# Chromatin Organization Regulates Osteogenesis

> **NIH NIH R01** · UNIVERSITY OF VERMONT & ST AGRIC COLLEGE · 2022 · $501,323

## Abstract

SUMMARY
This new R01 builds on discoveries during the R37 period (2008-2018) that established epigenetic mechanisms
(miRNAs, histone modifications) regulating osteoblast differentiation. We characterized for the first time a
“signature” of specific histone modifications that are associated with dynamic changes in gene expression during
the temporal progression of osteogenesis. These histone modifications also predicted “enhancers”, which are
critical cis-regulatory elements that contribute to local gene expression. We now propose to examine the recently
recognized “super enhancer” domains (SEDs) that include regulatory elements for multiple transcription factors
that have emerged as key regulators of cell phenotypes. SEDs function in chromatin organization via long range
intra- and inter-chromosomal interactions that coordinate control of gene cohorts responsible for lineage
specification and distinct cell identity. Our preliminary studies have identified a subset of SEDs that we now
propose are putative “bone-essential super-enhancers” and candidates for the important decision stage of
commitment to osteogenesis from MSCs. We hypothesize that super-enhancer domains are differentially
activated from the undifferentiated MSC to the osteoblast commitment stage, and function to establish the
osteogenic phenotype by coordinately regulating gene networks and contributing to higher order chromatin
organization that supports cell identity. Our studies will in: Aim1- analyze the functional effects of prioritized SEDs
we have identified related to osteoblastogenesis and mature bone activities through directed inhibition and
activation of SEDs using CRISPR/Cas9 in MSCs; Aim 2- determine the chromosomal domains that interact
with SEDs to control multiple genes and networks that commit MSCs to the osteoblast phenotype through
chromatin organization; and Aim 3- demonstrate in mouse models that using CRISPR activated SEDs in MSCs
will stimulate bone formation.
Impact: These studies pioneer a new level of gene regulation for MSC lineage commitment to osteogenesis,
based on an emerging understanding of SED functions in other tissues but have been minimally studied in bone.
By characterizing SED mechanisms related to chromatin organization and stabilization in MSCs, we will discover
novel mechanisms of multi-dimensional coordinate control of transcriptional hubs and protein complexes within
an SED that is responsible for establishing commitment to the osteoblast phenotype.
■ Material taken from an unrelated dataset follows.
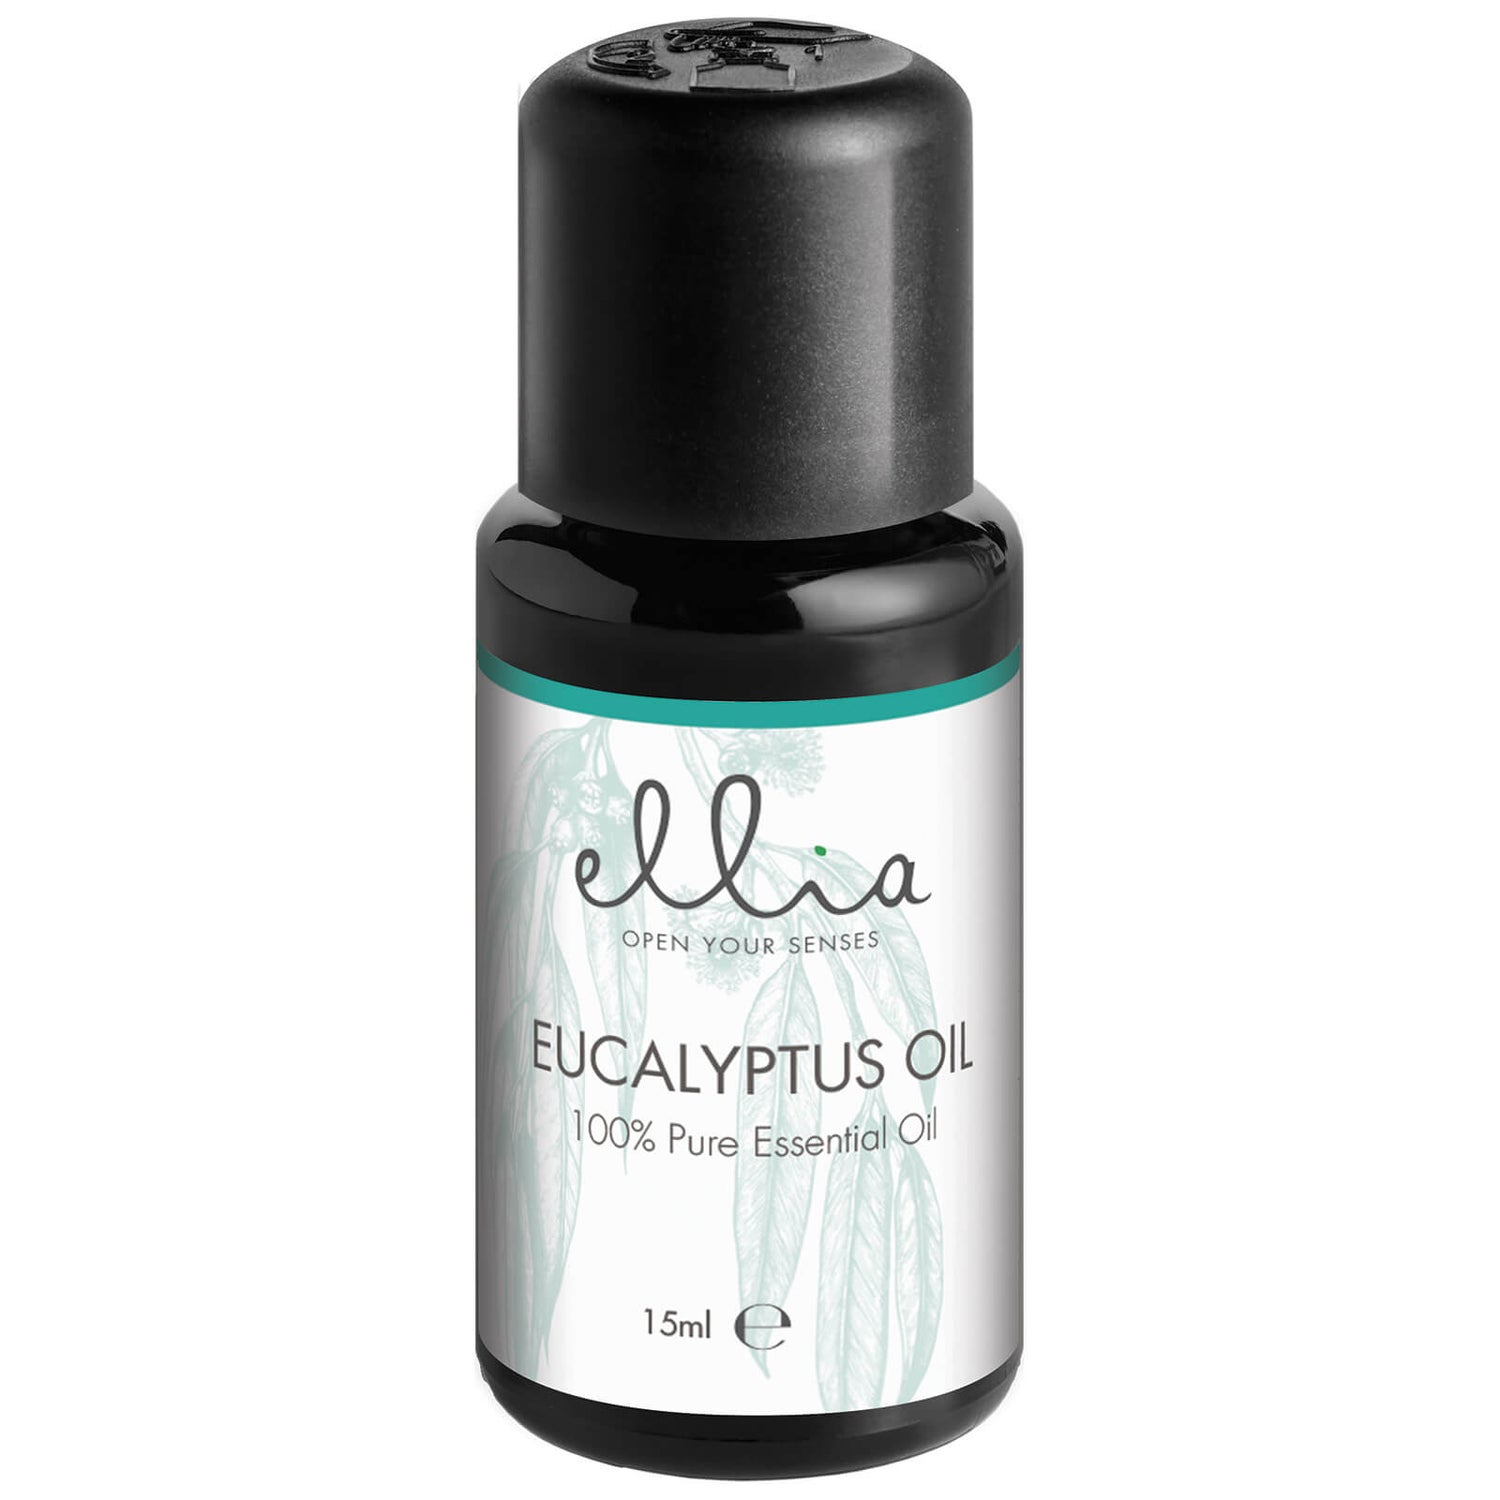 Ellia Aromatherapy mix di oli essenziali per diffusori di aromi - Eucalipto  15 ml - Spedizione GRATIS

Importantly, knowledge of
the chromatin organization that stabilizes the osteogenic phenotype impacts on future novel treatment strategies
for skeletal disorders.

## Key facts

- **NIH application ID:** 10316201
- **Project number:** 5R01DE029311-03
- **Recipient organization:** UNIVERSITY OF VERMONT & ST AGRIC COLLEGE
- **Principal Investigator:** Jane B. Lian
- **Activity code:** R01 (R01, R21, SBIR, etc.)
- **Funding institute:** NIH
- **Fiscal year:** 2022
- **Award amount:** $501,323
- **Award type:** 5
- **Project period:** 2020-01-06 → 2024-12-31

## Primary source

NIH RePORTER: https://reporter.nih.gov/project-details/10316201

## Citation

> US National Institutes of Health, RePORTER application 10316201, Chromatin Organization Regulates Osteogenesis (5R01DE029311-03). Retrieved via AI Analytics 2026-05-23 from https://api.ai-analytics.org/grant/nih/10316201. Licensed CC0.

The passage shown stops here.